In my source code I’m not using tuples directly except for the adjoint definitions. For example

function conv_aux(conv, rec, otf)
    return conv(rec, otf)
end

function ChainRulesCore.rrule(::typeof(conv_aux), conv, rec, otf)
    Y = conv_aux(conv, rec, otf)
    function conv_aux_pullback(barx)
        return NO_FIELDS, DoesNotExist(), conv(barx, conj(otf)), DoesNotExist()
    end
    return Y, conv_aux_pullback
end

and here.

I’m not really experienced in profiling or using AD, and I would be really happy if someone could give me some hints how to improve performance and why the tuples seem to cause issues.

Thanks a lot,

Felix

1 Like

I guess I found the reason for the many calls of tuple.
It was connected to a max(0.1, conv_aux(conv, rec, otf).
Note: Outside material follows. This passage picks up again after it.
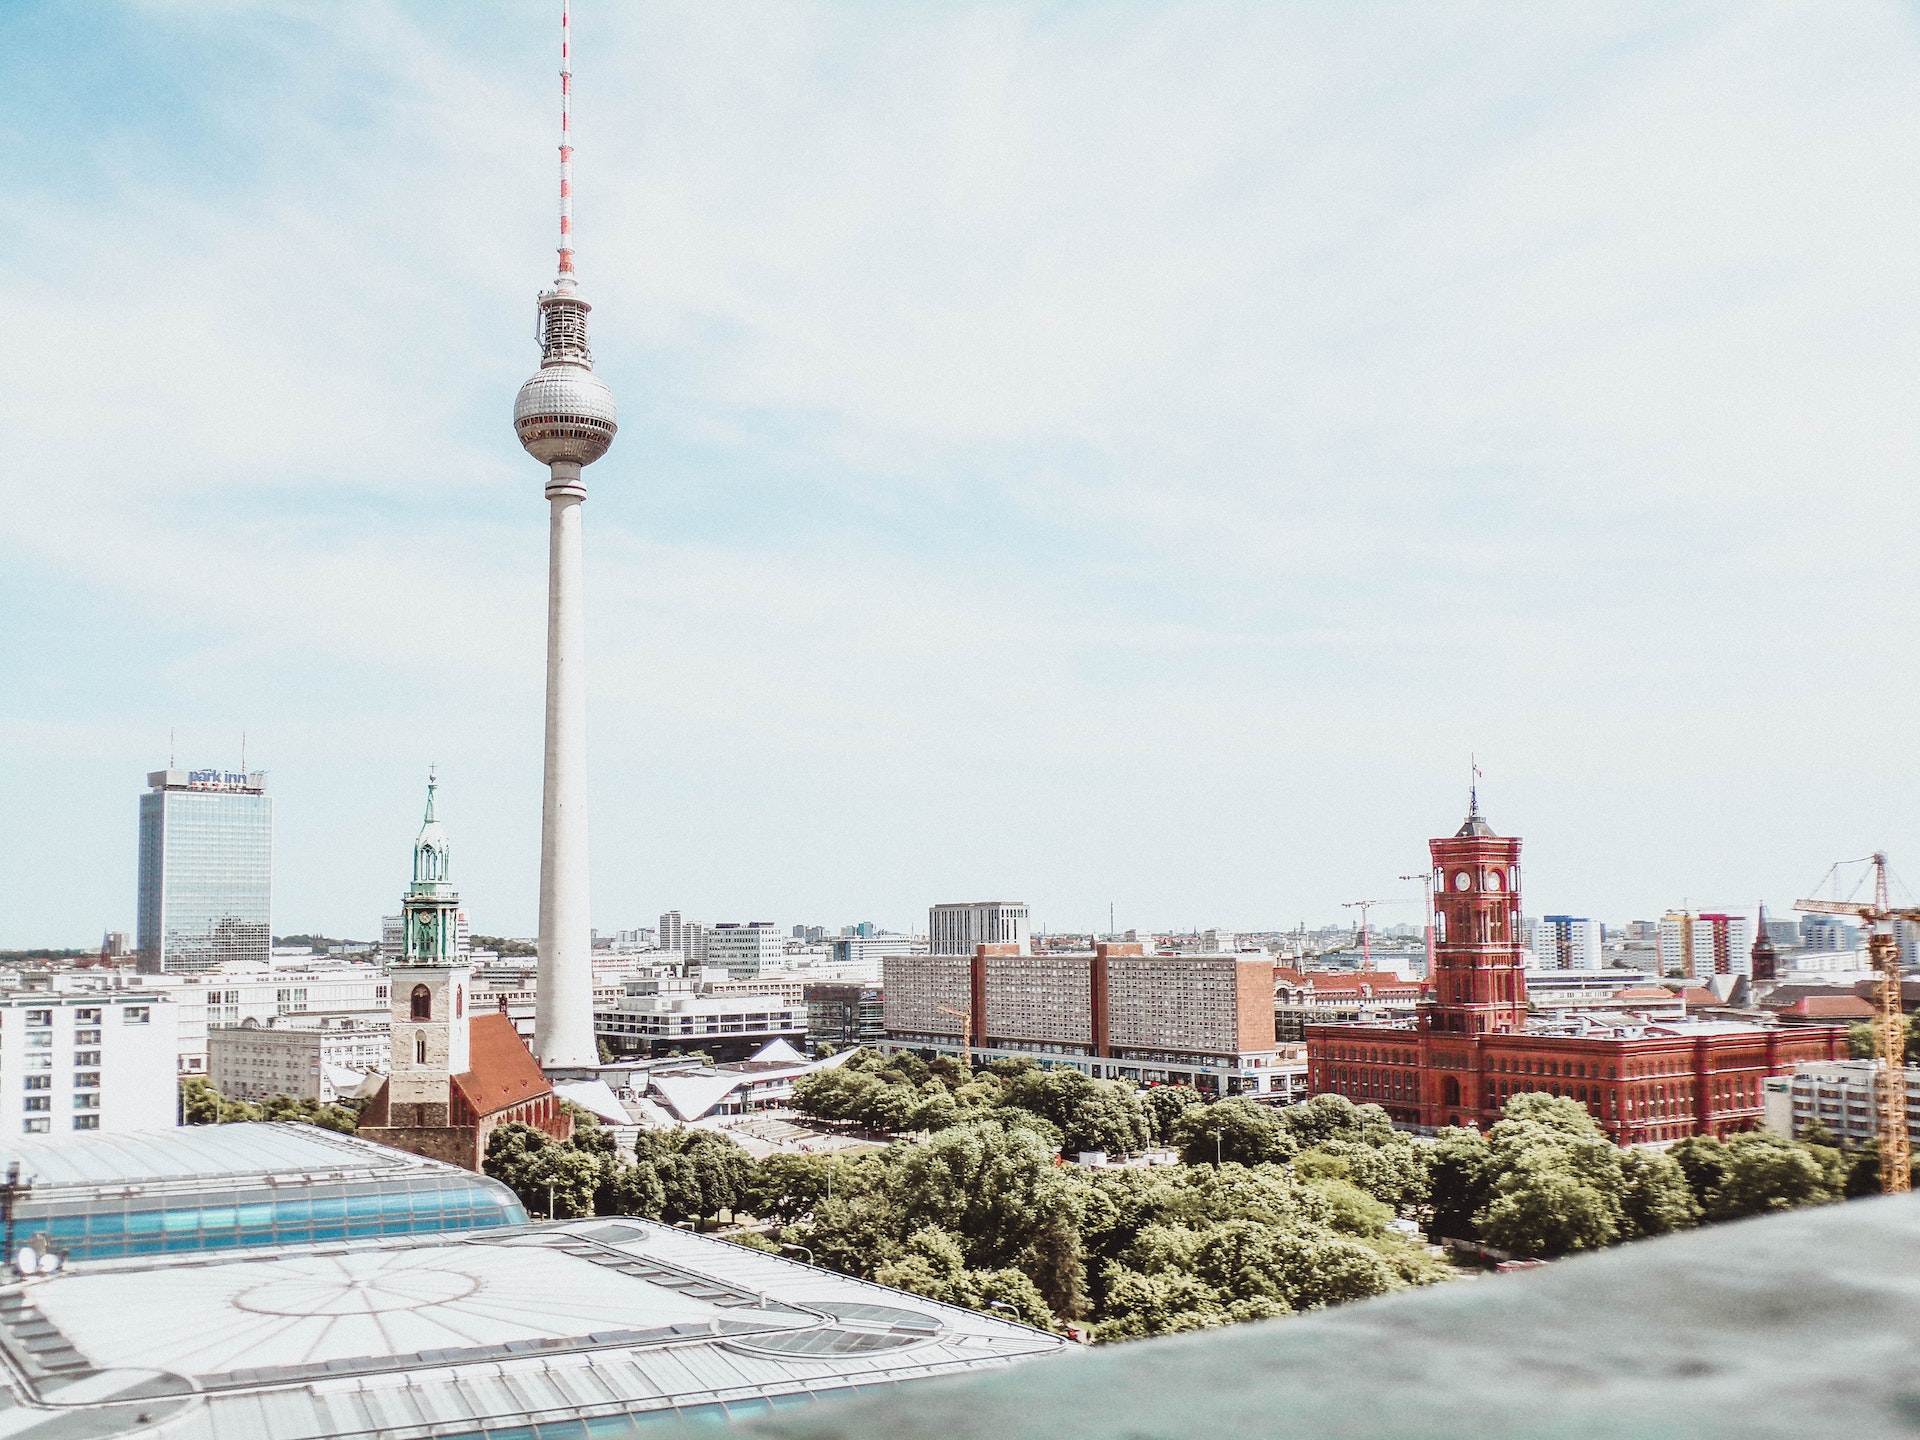 Berlin City Centre Aerial View

I could reproduce that in a smaller example.

From a mathematical point of view that’s reasonable to cause troubles because this max function is not differentiable at 0.1.
I still would be interested why Zygote ends up in that tuples calls a lot.
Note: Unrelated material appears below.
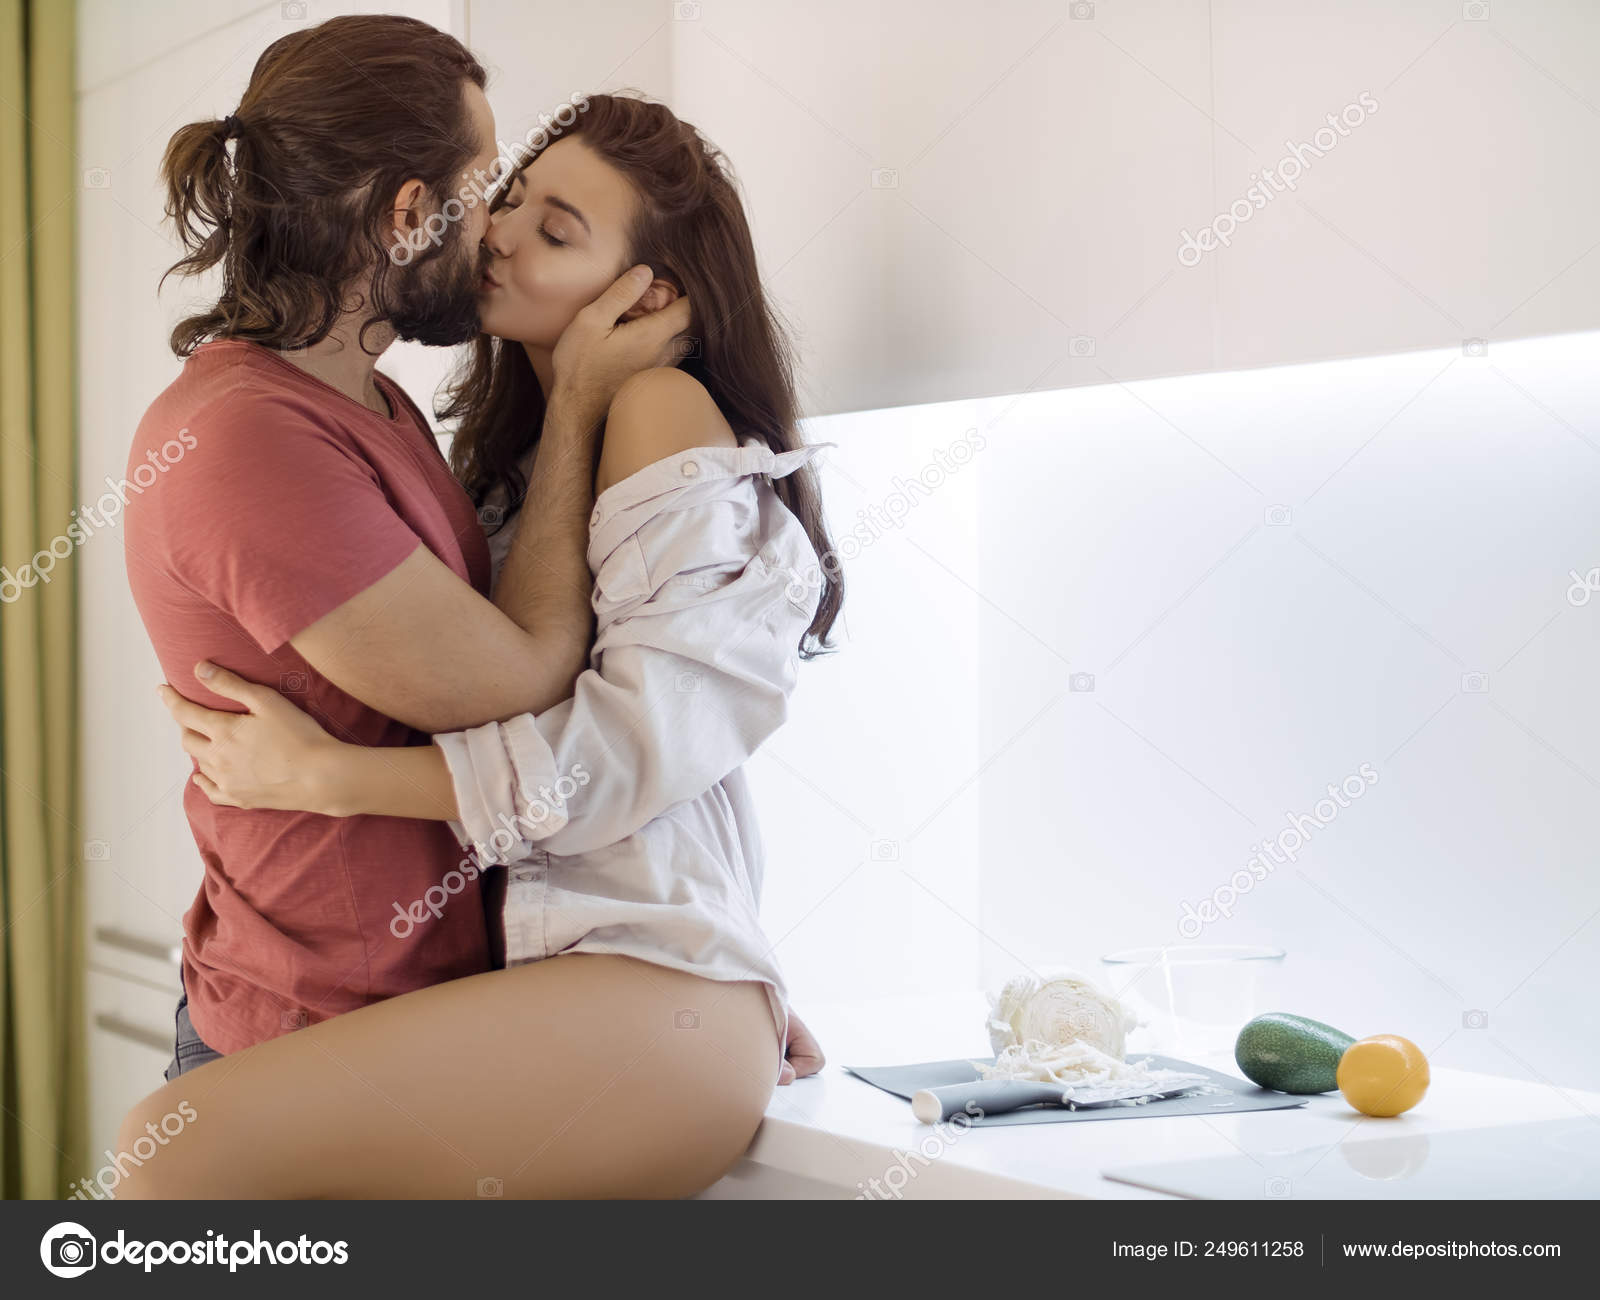 Good morning couple sex

Thanks and sorry that I didn’t really provide a small standalone example,

Felix

1 Like

Hey,

I can now provide a minimal working example:

using Zygote
using FFTW
using Profile
using StatProfilerHTML

N =1000
global psf = randn((N, N))
global img = randn((N, N))

function conv(img, psf)
    f_psf = fft(psf)
    f_img = fft(img)
    conv_res = real(ifft(f_psf .* f_img))
    #return max.(0.0, conv_res)
    return conv_res    
end 

f(img) = sum(conv(img, psf));

Zygote.gradient(f, img)[1]
@profilehtml Zygote.gradient(f, img)[1]

The results with max.:

And without:

So I’m not sure whether I’m at the right place to discuss this.

Thanks,

Felix

I think what you’re seeing here is that Zygote’s broadcasting isn’t very fast, except on cases where it has a special rule for that function:

julia> @btime gradient(x -> sum(1 .+ max.(0.0,x)), mat)  setup=(mat=randn(100,100));
  990.097 μs (50054 allocations: 1.84 MiB)

julia> using Flux # Flux.relu has a special rule

julia> @btime gradient(x -> sum(1 .+ relu.(x)), mat)  setup=(mat=randn(100,100));
  17.888 μs (6 allocations: 234.61 KiB)

julia> using Tullio # handles gradients without Broadcast.

julia> @btime gradient(x -> sum(@tullio y[i,j] := 1 + max(0.0,x[i,j])), mat)  setup=(mat=randn(100,100));
  22.290 μs (18 allocations: 156.80 KiB)

julia> using Tracker # different broadcasting, perhaps using ForwardDiff

julia> @btime Tracker.gradient(x -> sum(1 .+ max.(0.0,x)), mat)  setup=(mat=randn(100,100));
  94.865 μs (173 allocations: 709.87 KiB)
2 Likes

Hey,

thanks for the details.

Is it max.(0.0, x) or 1 .+ ... which causes the problems? I guess the first one, right?

Thanks,

Felix

Notice the crazy number of allocations in the first of your examples: about 5 per element of a 10000 entry array. The other non-Zygote examples have much less allocations.

I often observe a lot of allocations with Zygote and so far I haven’t really figured how to fix that properly.

Usually the forward passes are type stable in these situations.